PROVIDED INFORMATION:

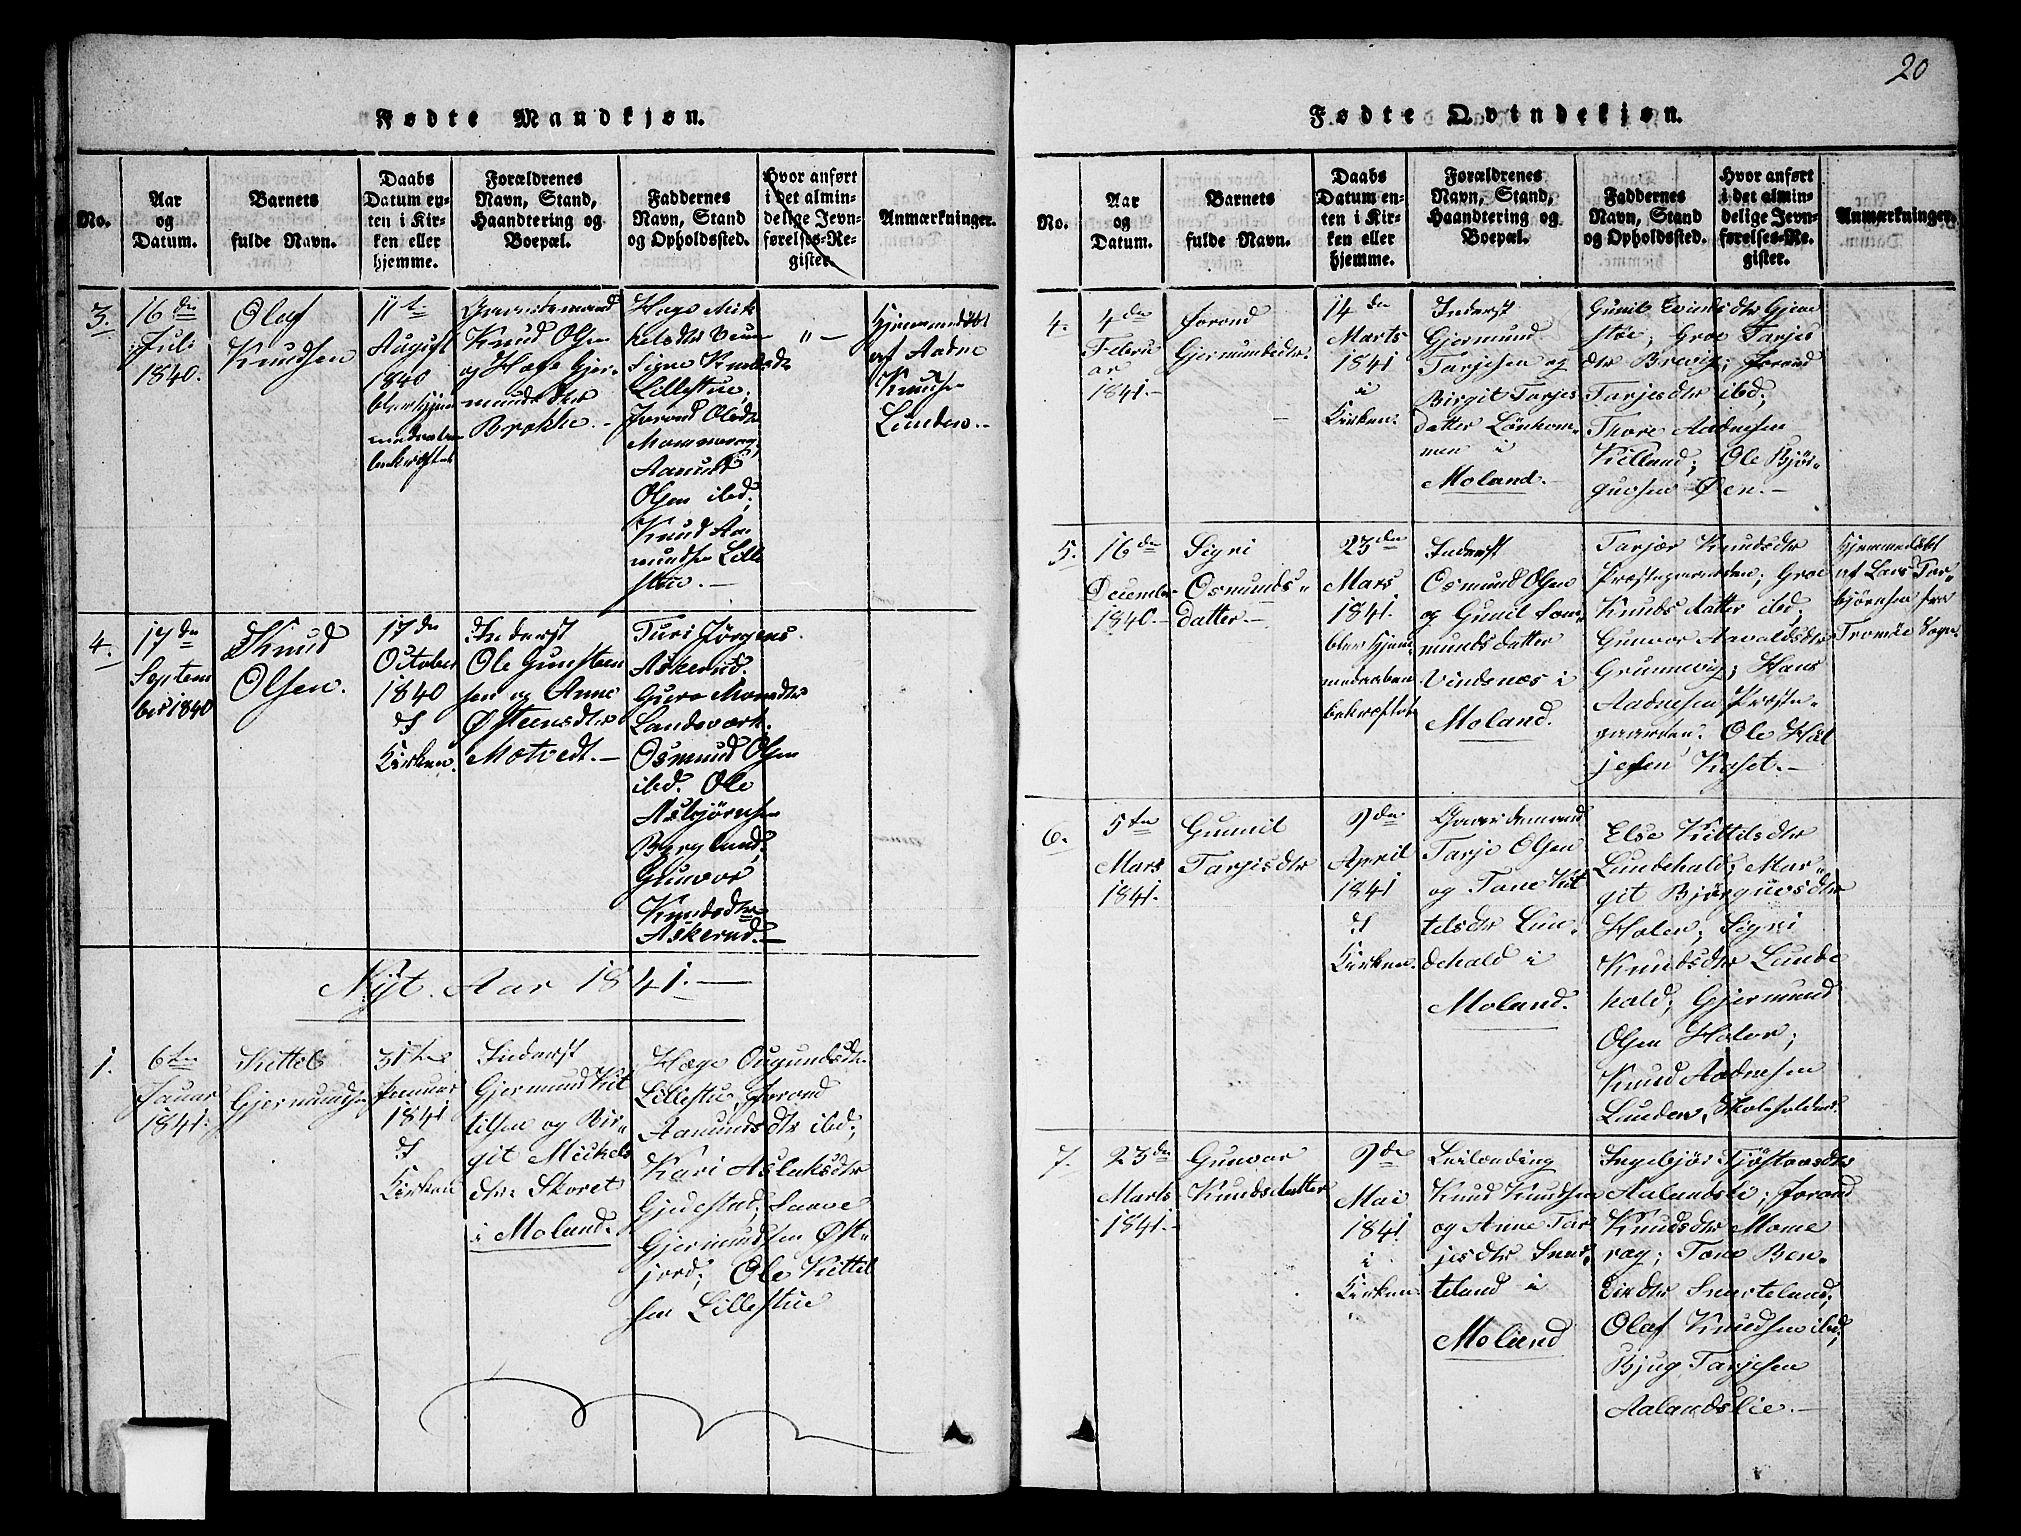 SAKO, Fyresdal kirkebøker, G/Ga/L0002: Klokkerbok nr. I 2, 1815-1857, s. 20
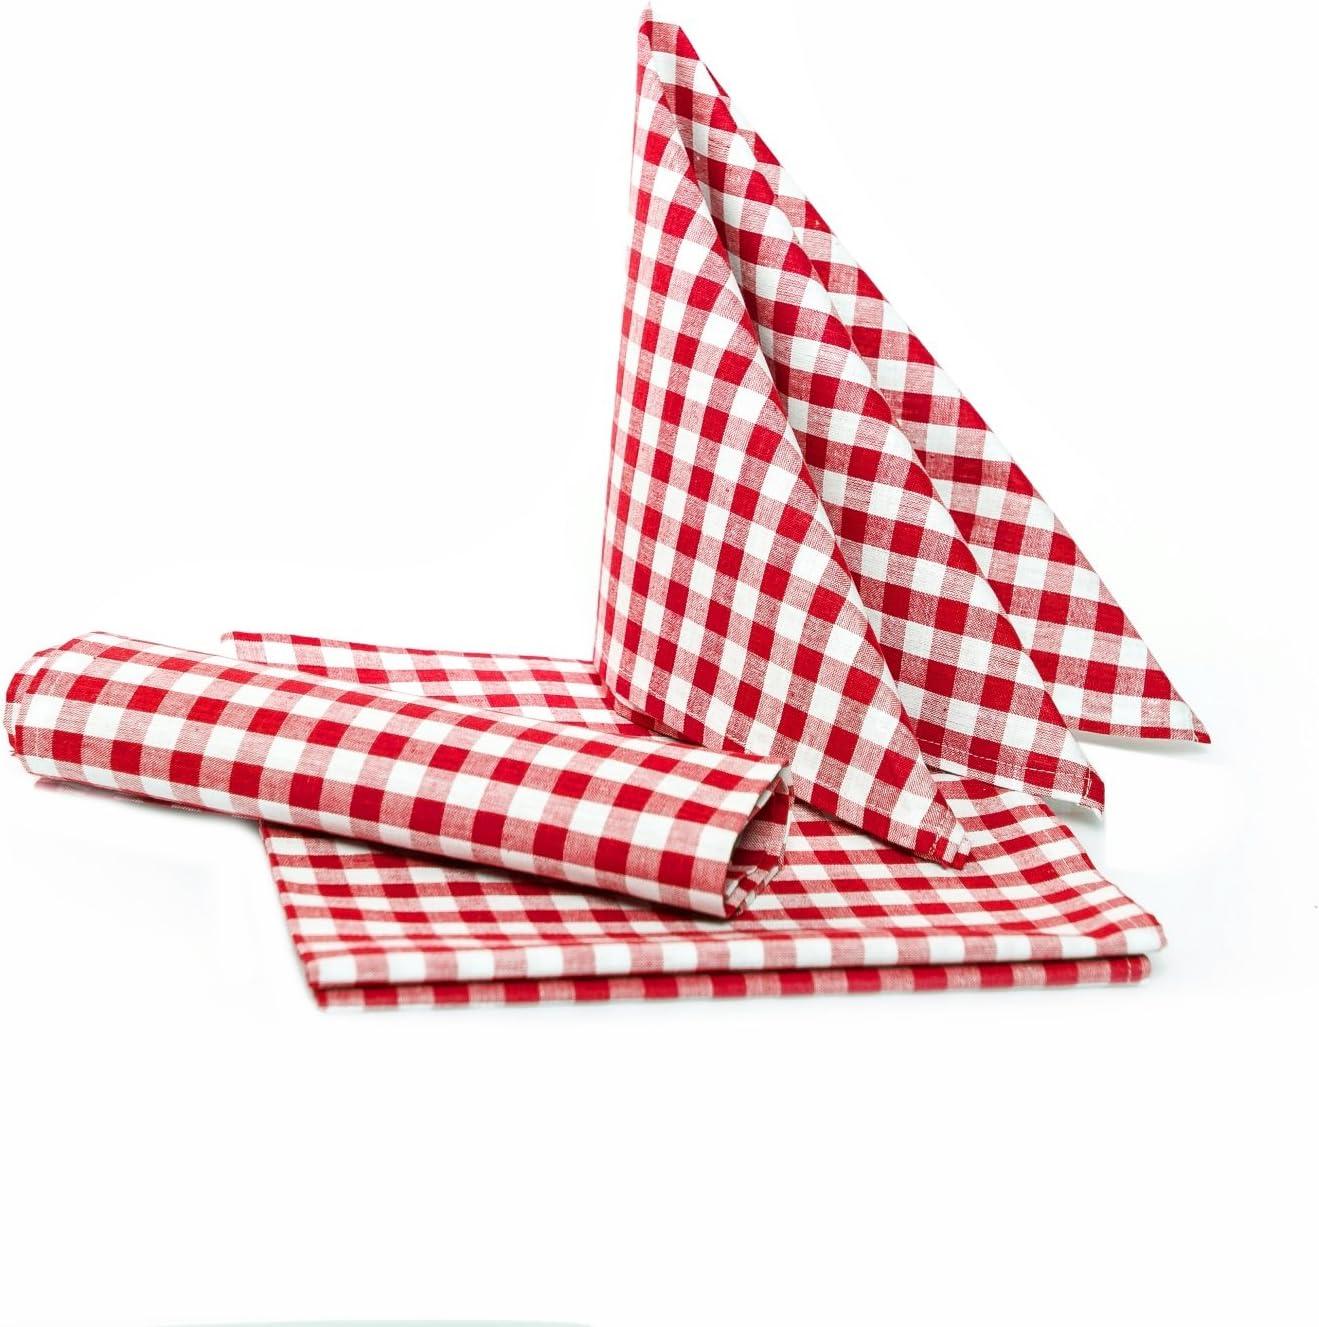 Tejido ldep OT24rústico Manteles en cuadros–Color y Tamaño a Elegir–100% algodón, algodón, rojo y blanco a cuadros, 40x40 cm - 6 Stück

...

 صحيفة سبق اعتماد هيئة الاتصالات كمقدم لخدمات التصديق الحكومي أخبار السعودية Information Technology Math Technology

WORK INSTRUCTION: Reproduce the entries exactly, from the line with "SAKO, Fyresdal kirkebøker, G/Ga/L0002: Klokkerbok" to the line with "Tejido ldep OT24rústico", both lines included, keeping no pictures.

FINISHED TASK:
 SAKO, Fyresdal kirkebøker, G/Ga/L0002: Klokkerbok nr. I 2, 1815-1857, s. 20
 Tejido ldep OT24rústico Manteles en cuadros–Color y Tamaño a Elegir–100% algodón, algodón, rojo y blanco a cuadros, 40x40 cm - 6 Stück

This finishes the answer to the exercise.